> _WHAT THE TASK ASKS_: Would you print the lines below exactly, beginning at the line that has "Короб стеллажный Valiant" and stopping after the line that has "Los interesados en"? Only those lines, and no pictures.

> _PROVIDED RECORDS_:
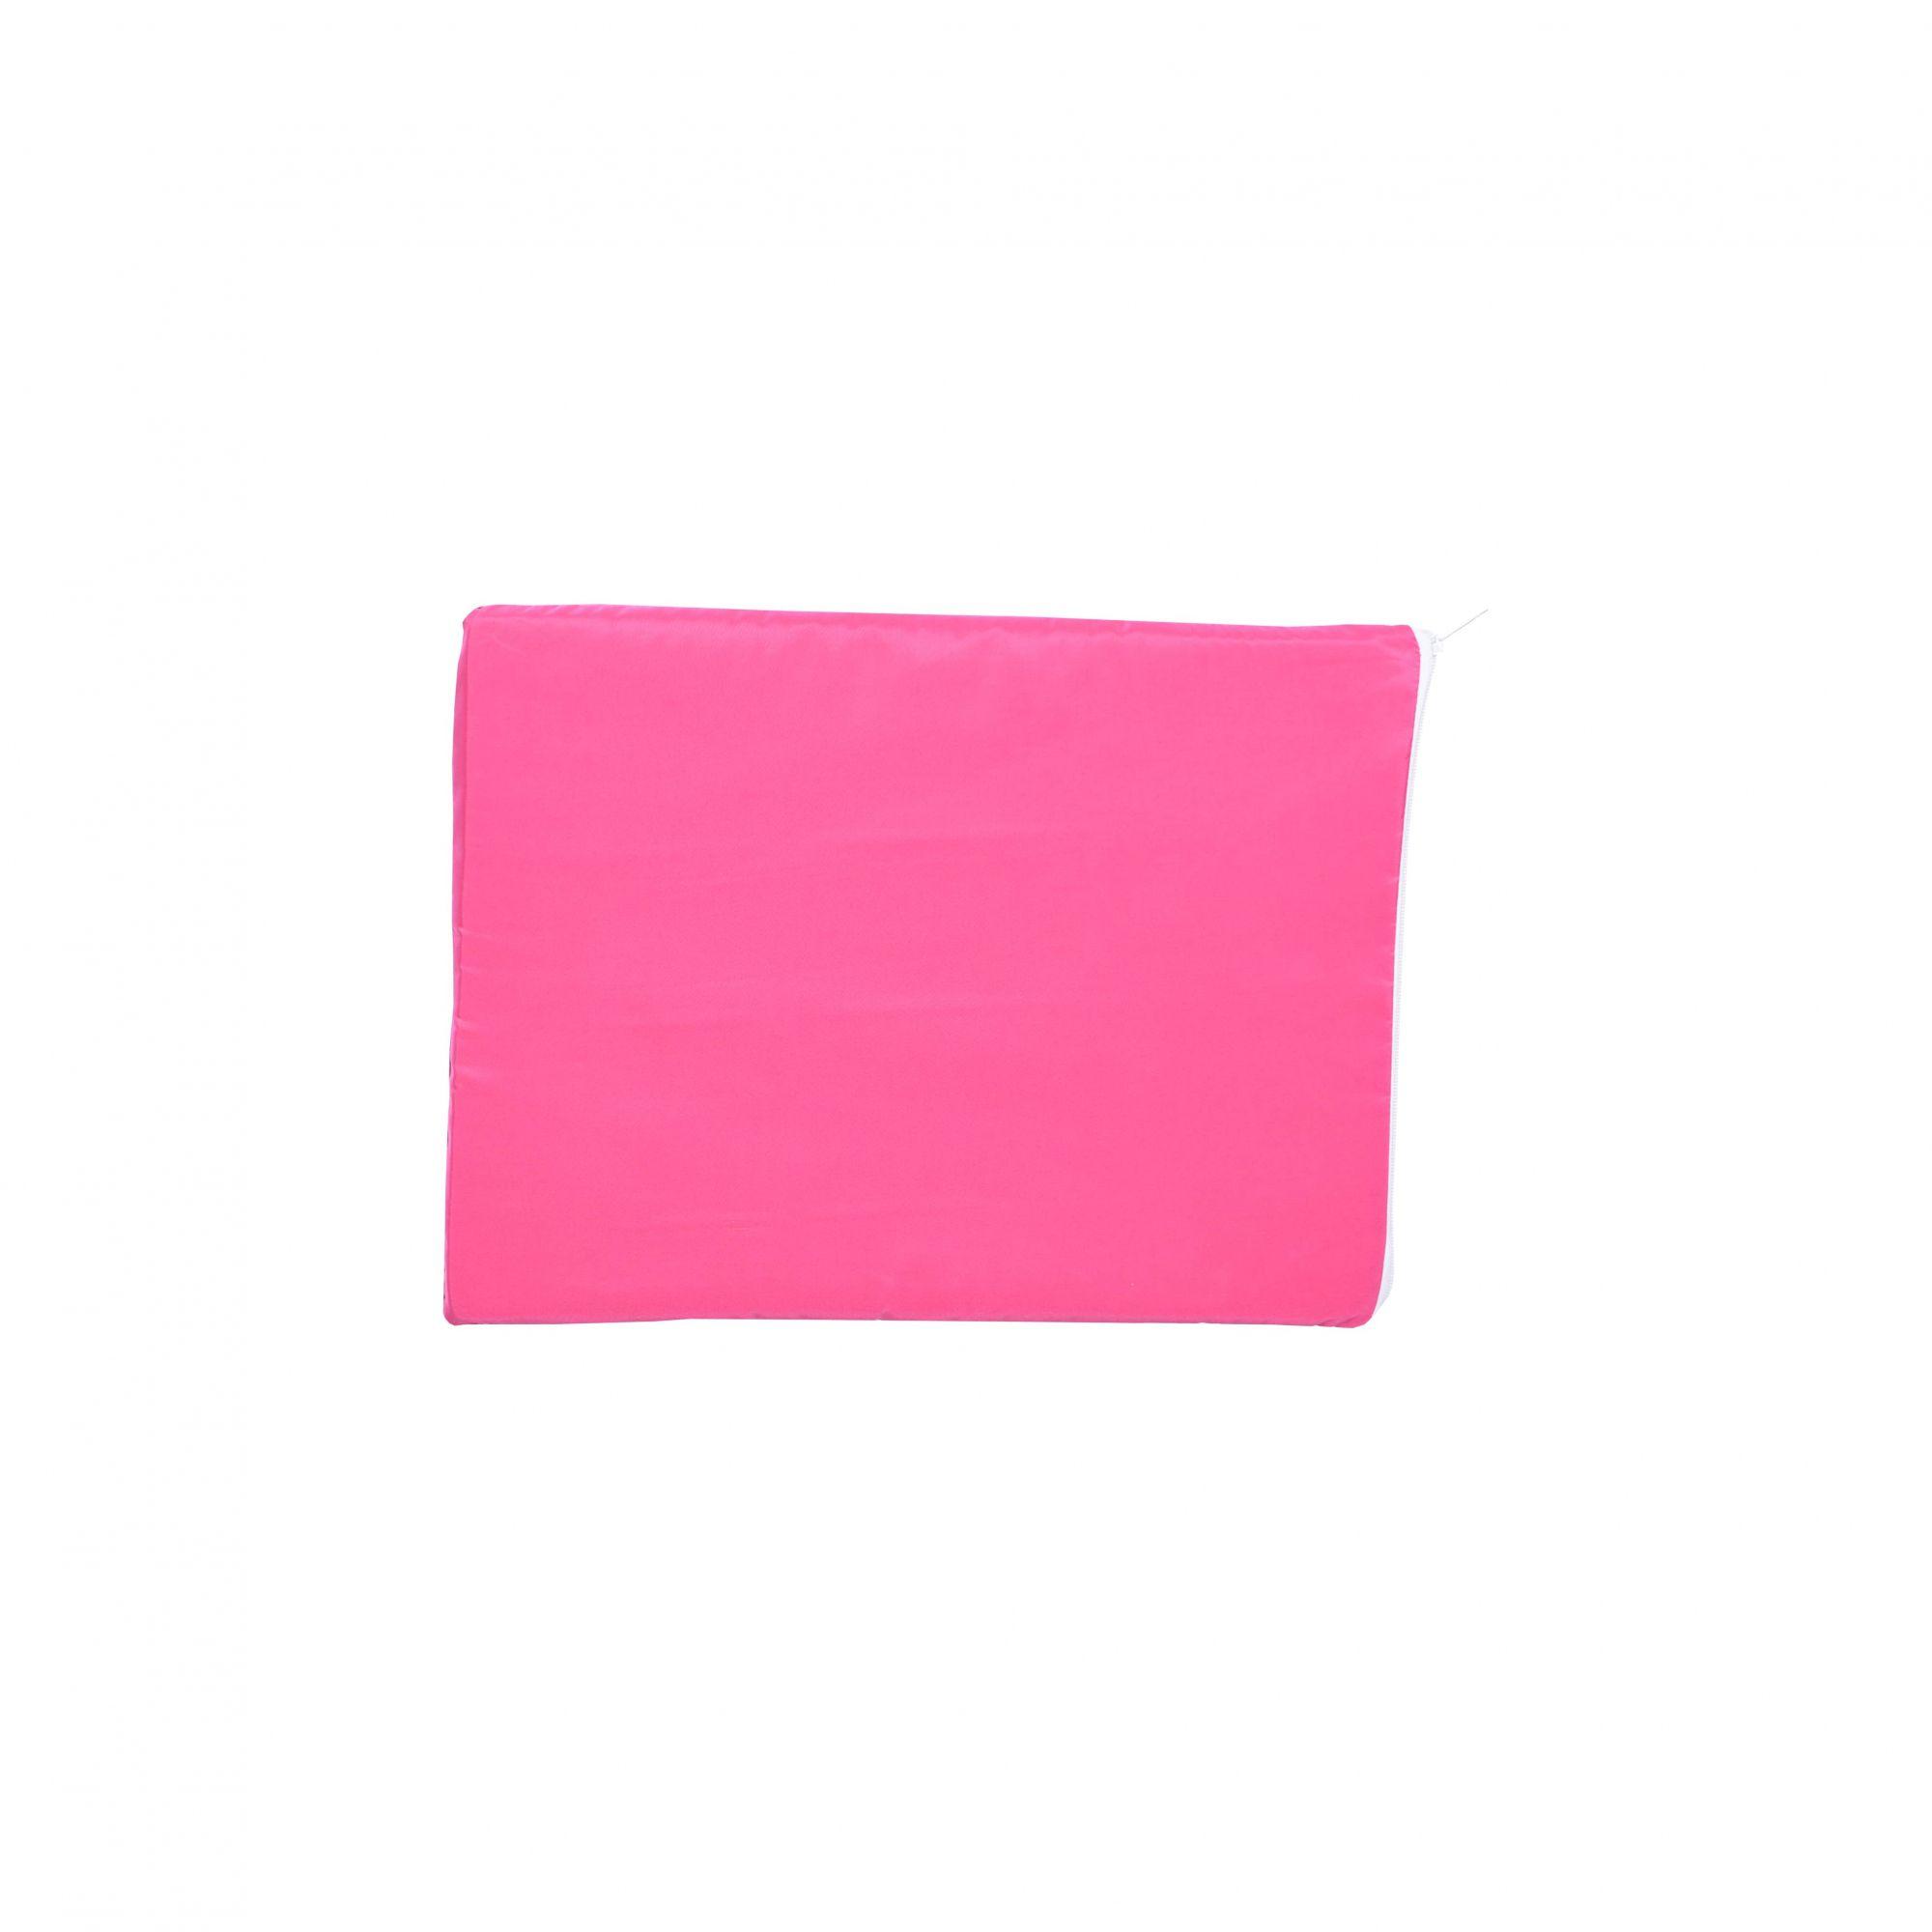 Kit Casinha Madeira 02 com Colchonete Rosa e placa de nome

---

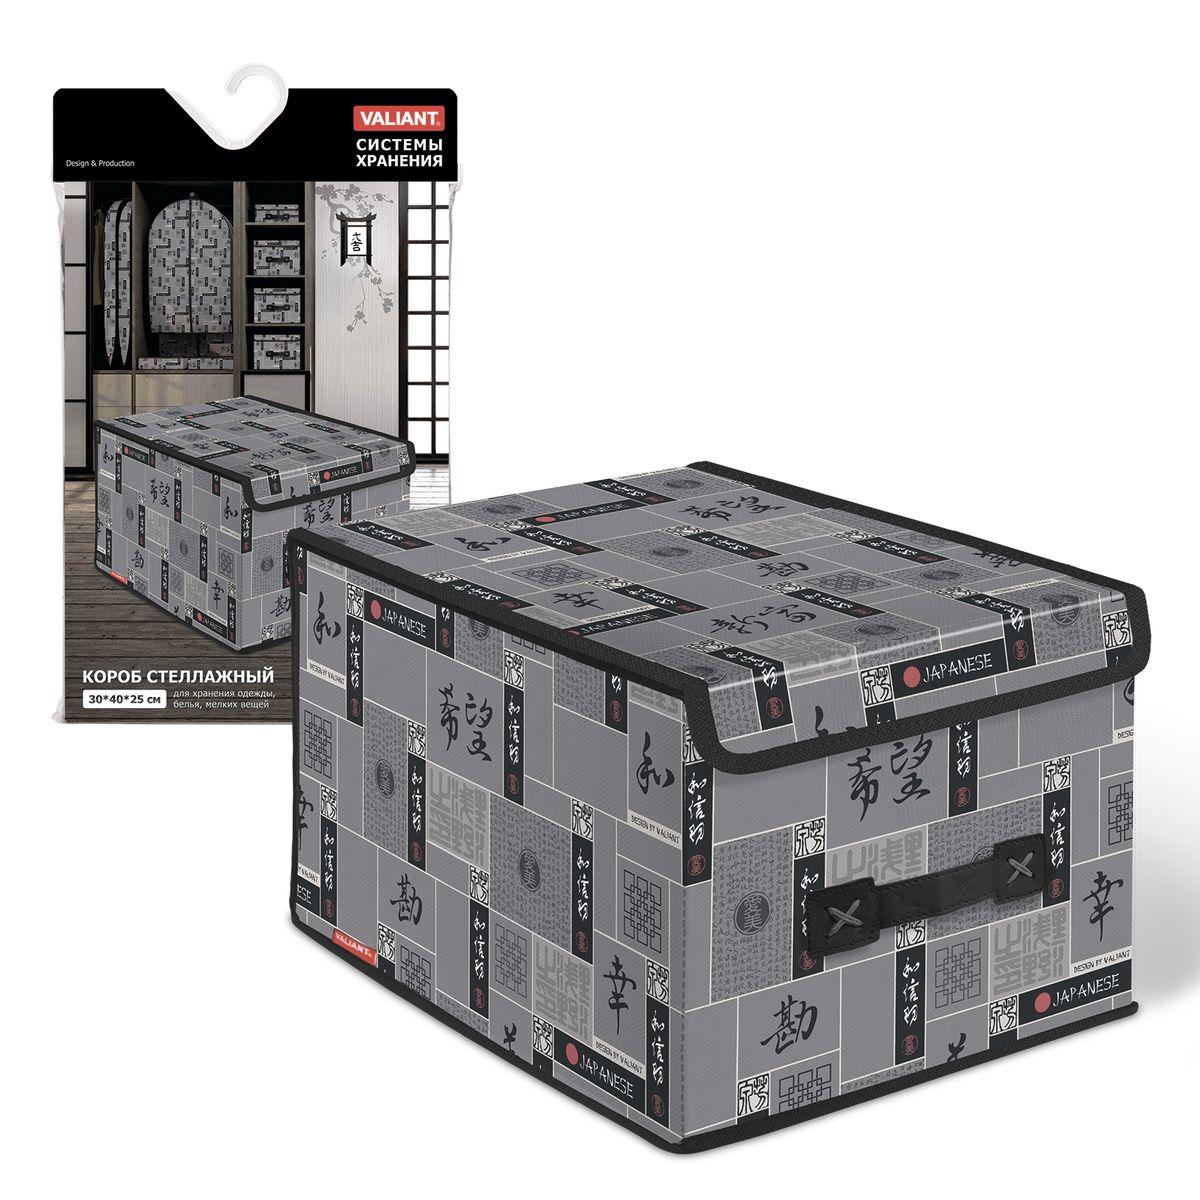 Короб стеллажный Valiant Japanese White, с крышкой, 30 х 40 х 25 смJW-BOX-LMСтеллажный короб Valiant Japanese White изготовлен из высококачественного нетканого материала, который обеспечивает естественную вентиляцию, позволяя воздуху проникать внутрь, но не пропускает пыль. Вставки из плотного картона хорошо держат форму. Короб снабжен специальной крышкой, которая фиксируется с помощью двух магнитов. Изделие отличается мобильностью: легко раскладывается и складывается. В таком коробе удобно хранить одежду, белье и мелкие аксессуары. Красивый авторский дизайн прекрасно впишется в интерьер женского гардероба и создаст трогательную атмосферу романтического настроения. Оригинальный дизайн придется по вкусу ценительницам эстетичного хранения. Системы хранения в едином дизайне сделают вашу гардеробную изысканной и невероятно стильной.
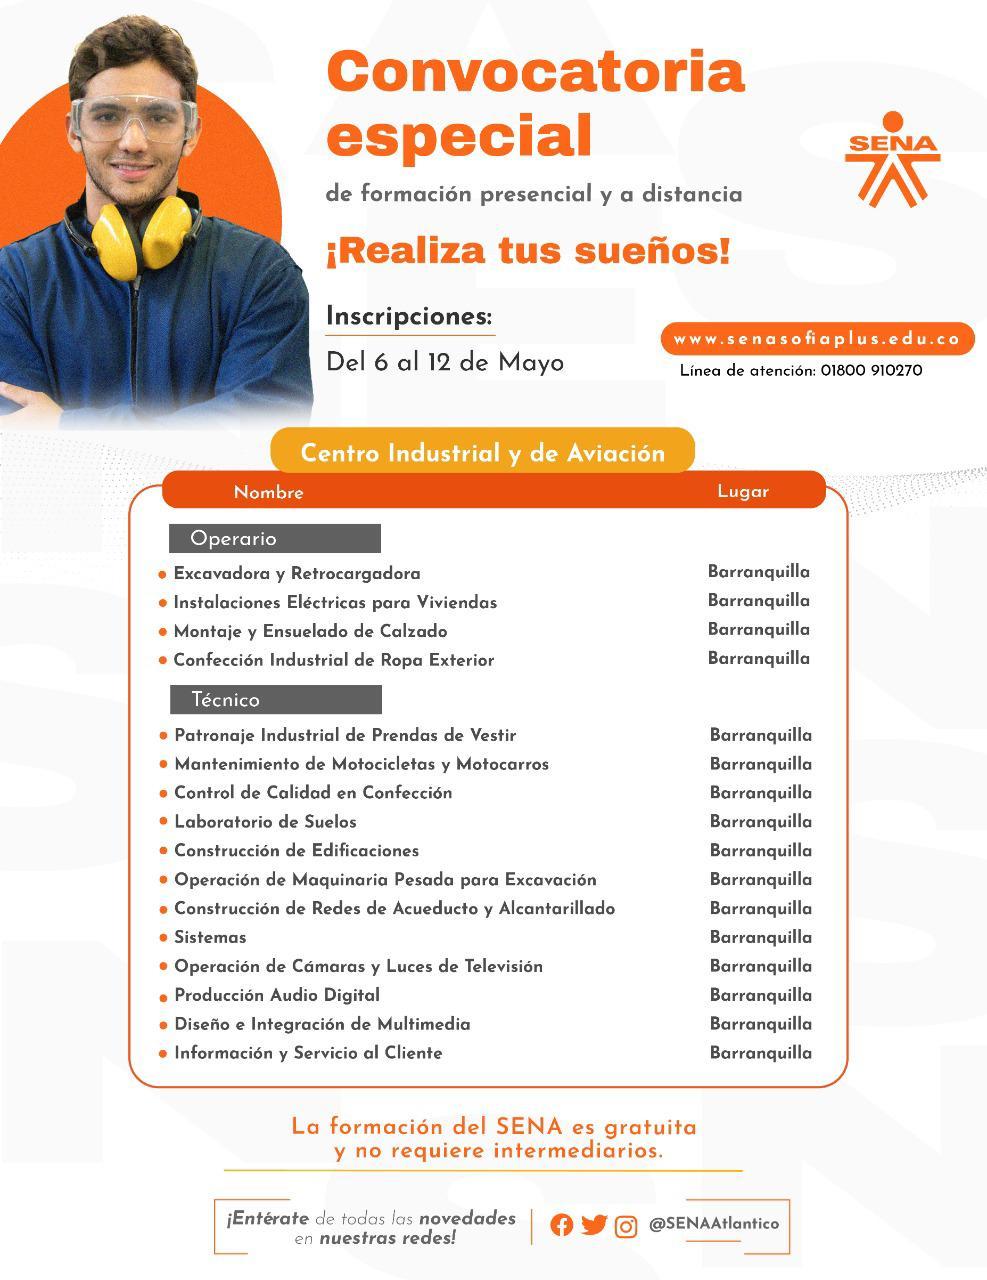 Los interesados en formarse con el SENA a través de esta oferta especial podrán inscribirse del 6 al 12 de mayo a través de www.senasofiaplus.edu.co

> _SOLUTION_:
 Короб стеллажный Valiant Japanese White, с крышкой, 30 х 40 х 25 смJW-BOX-LMСтеллажный короб Valiant Japanese White изготовлен из высококачественного нетканого материала, который обеспечивает естественную вентиляцию, позволяя воздуху проникать внутрь, но не пропускает пыль. Вставки из плотного картона хорошо держат форму. Короб снабжен специальной крышкой, которая фиксируется с помощью двух магнитов. Изделие отличается мобильностью: легко раскладывается и складывается. В таком коробе удобно хранить одежду, белье и мелкие аксессуары. Красивый авторский дизайн прекрасно впишется в интерьер женского гардероба и создаст трогательную атмосферу романтического настроения. Оригинальный дизайн придется по вкусу ценительницам эстетичного хранения. Системы хранения в едином дизайне сделают вашу гардеробную изысканной и невероятно стильной.
 Los interesados en formarse con el SENA a través de esta oferta especial podrán inscribirse del 6 al 12 de mayo a través de www.senasofiaplus.edu.co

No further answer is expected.